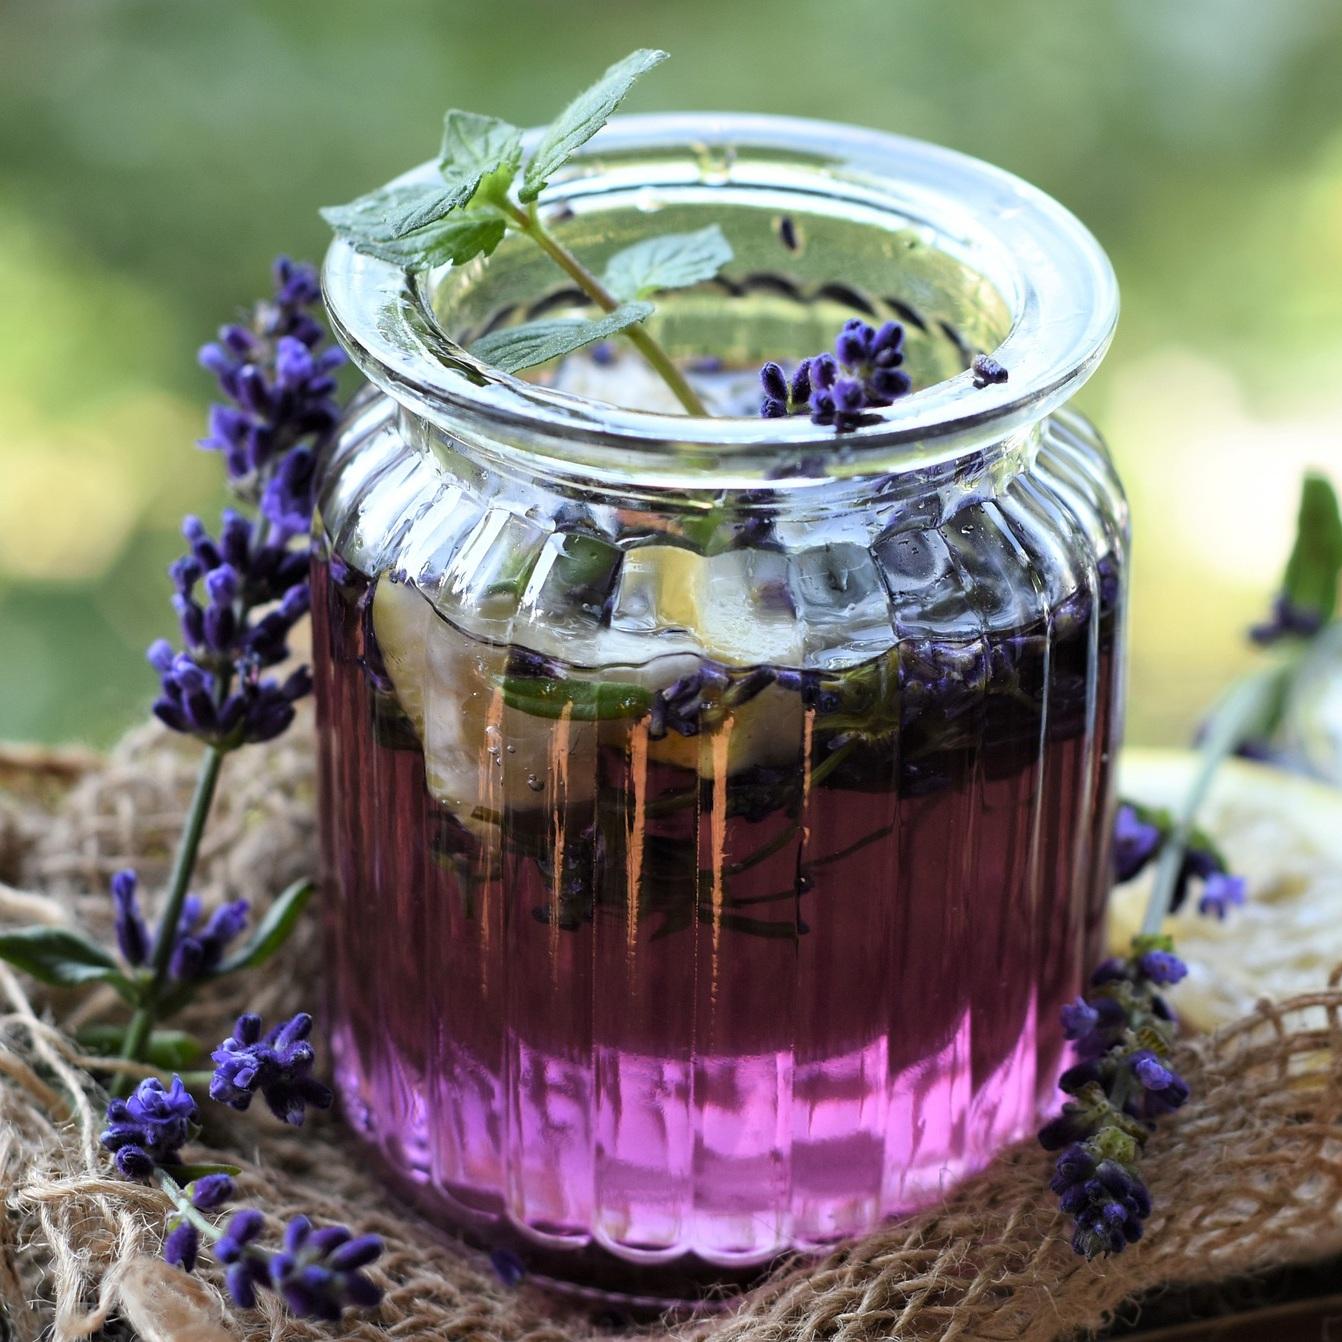 lavender-4355523_1920.jpg
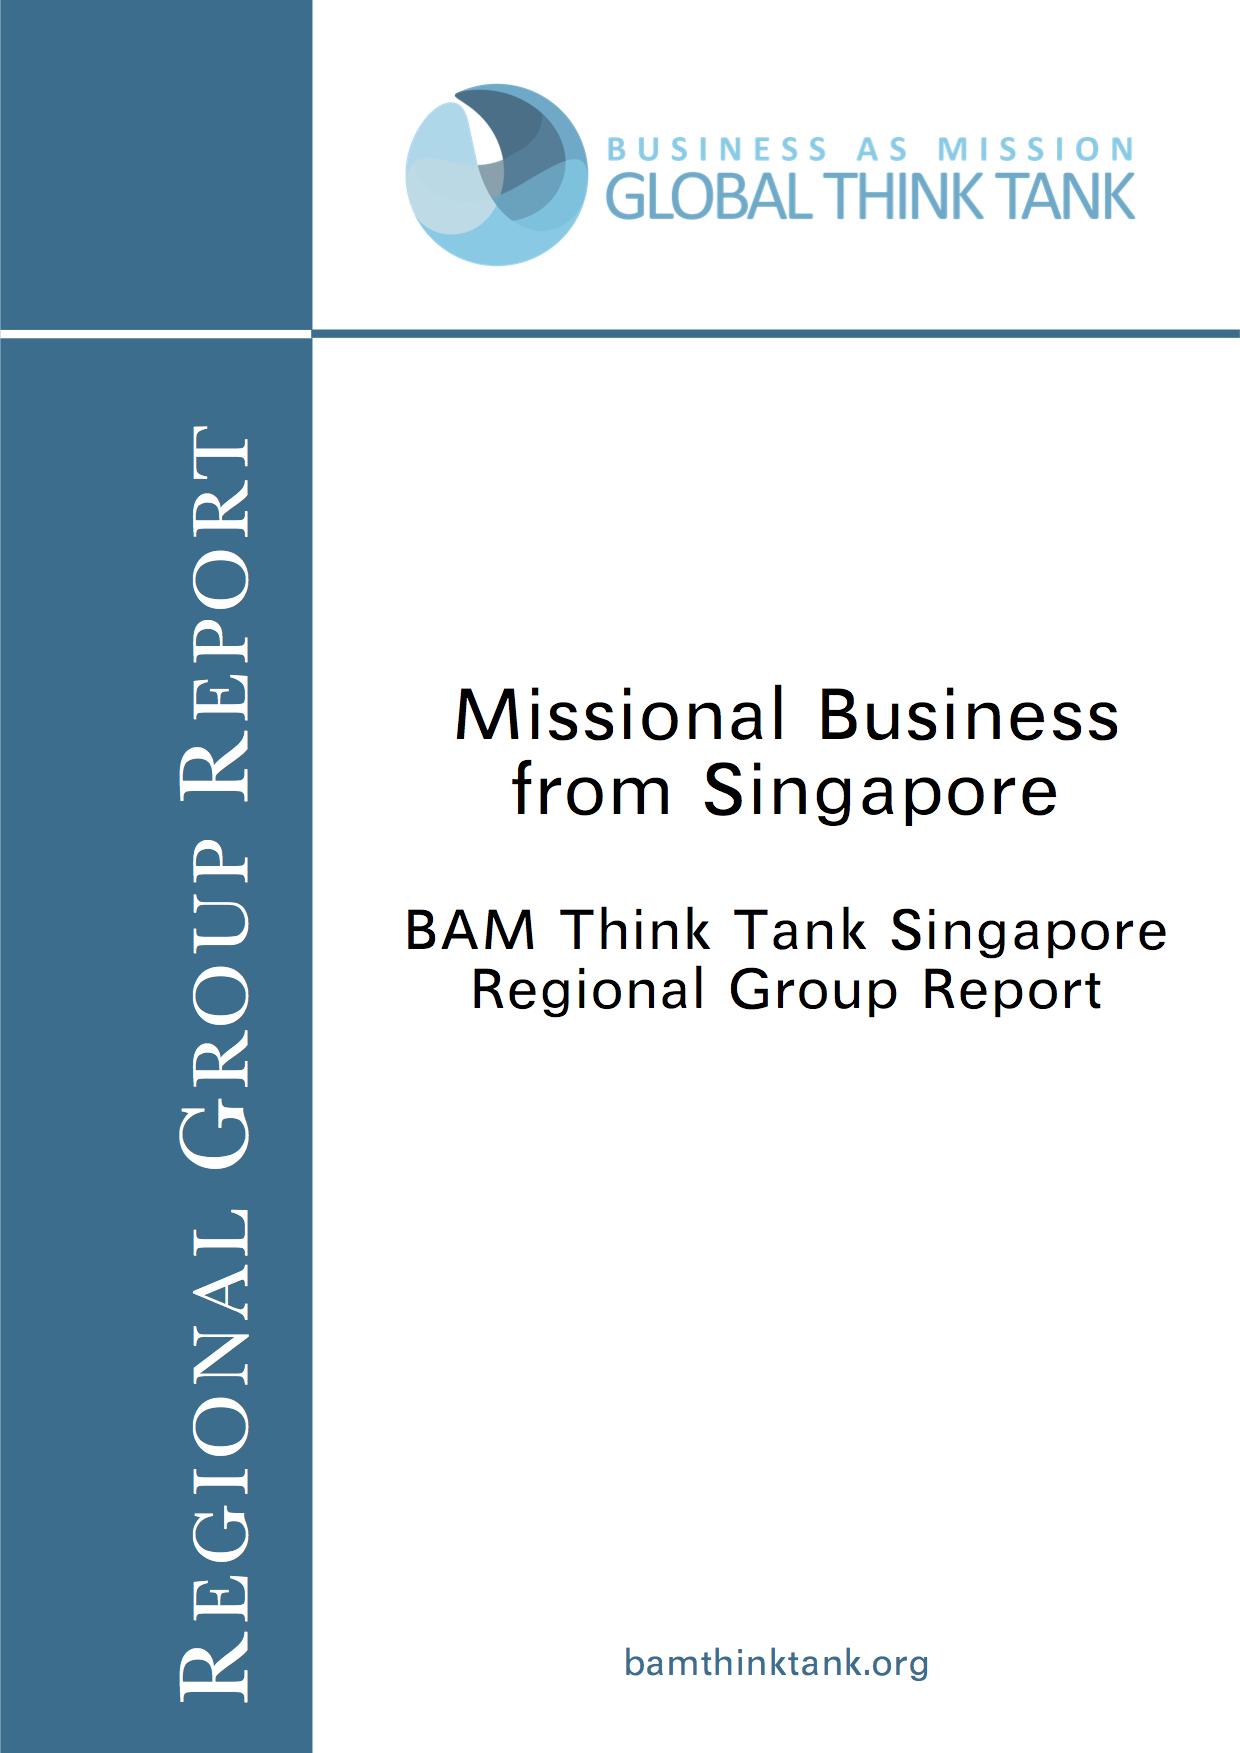 BAM Think Tank Report: Singapore
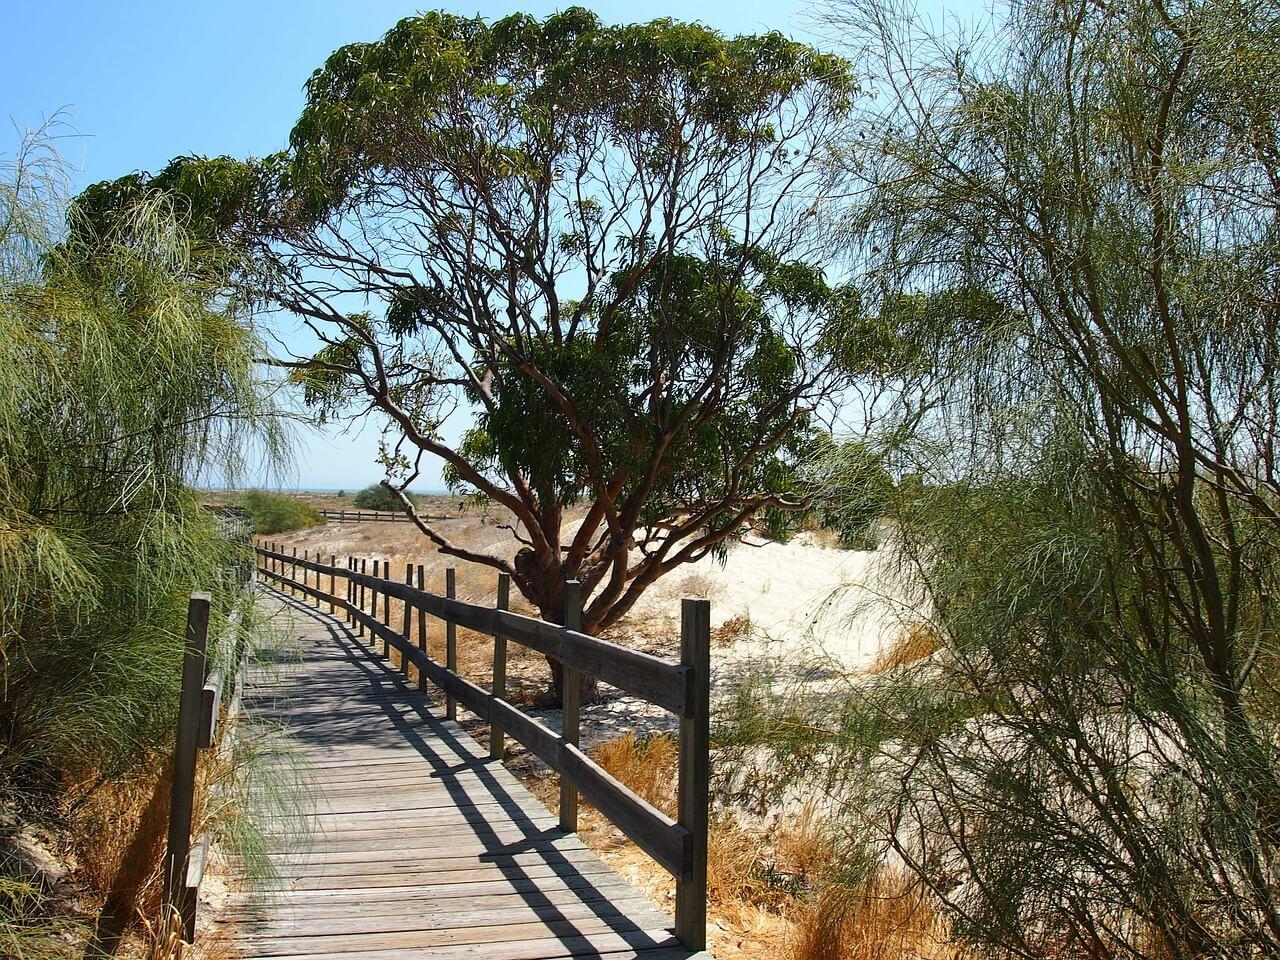 praia de troia roadtrip pela costa vicentina
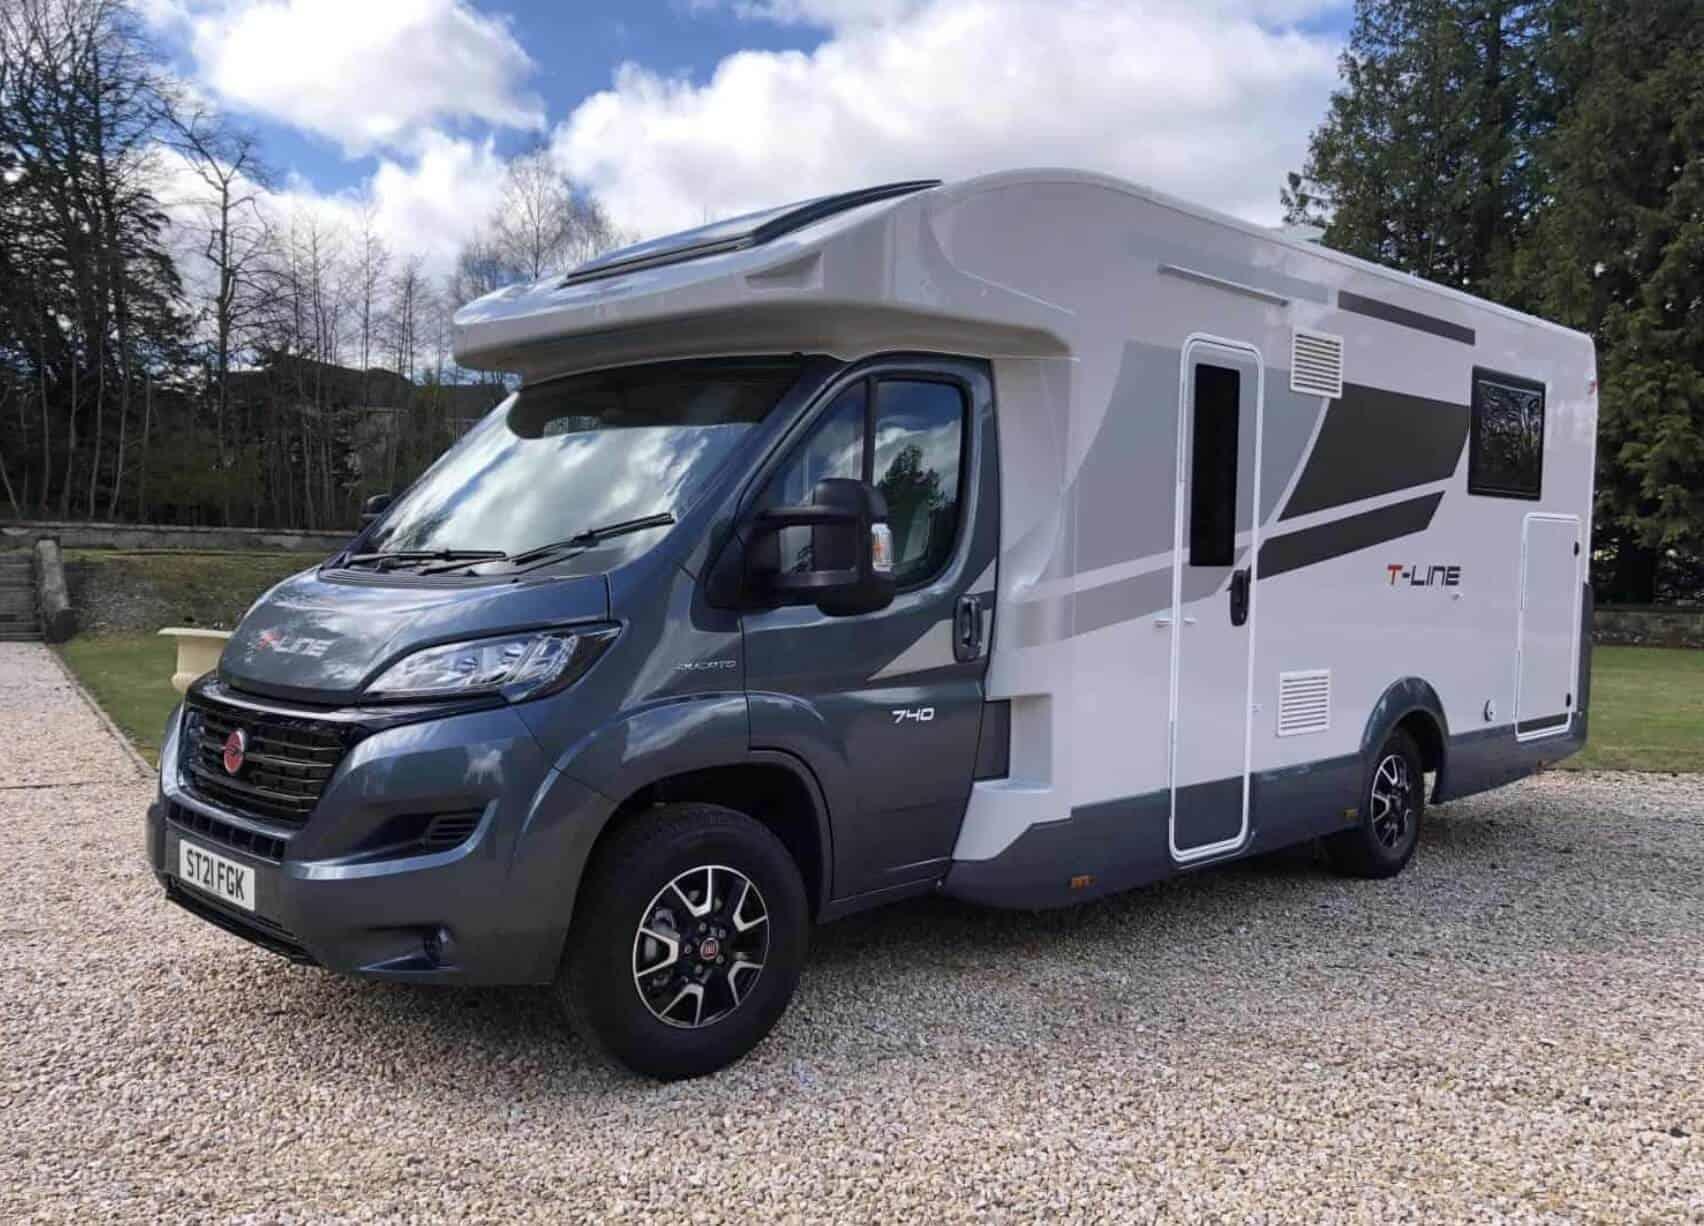 campervan-hire-scotland-hotel-on wheels

#### Requirement
Apart from the pictures, repeat the data above exactly.

#### Exercise result
 lavender-4355523_1920.jpg
 BAM Think Tank Report: Singapore
 praia de troia roadtrip pela costa vicentina
 campervan-hire-scotland-hotel-on wheels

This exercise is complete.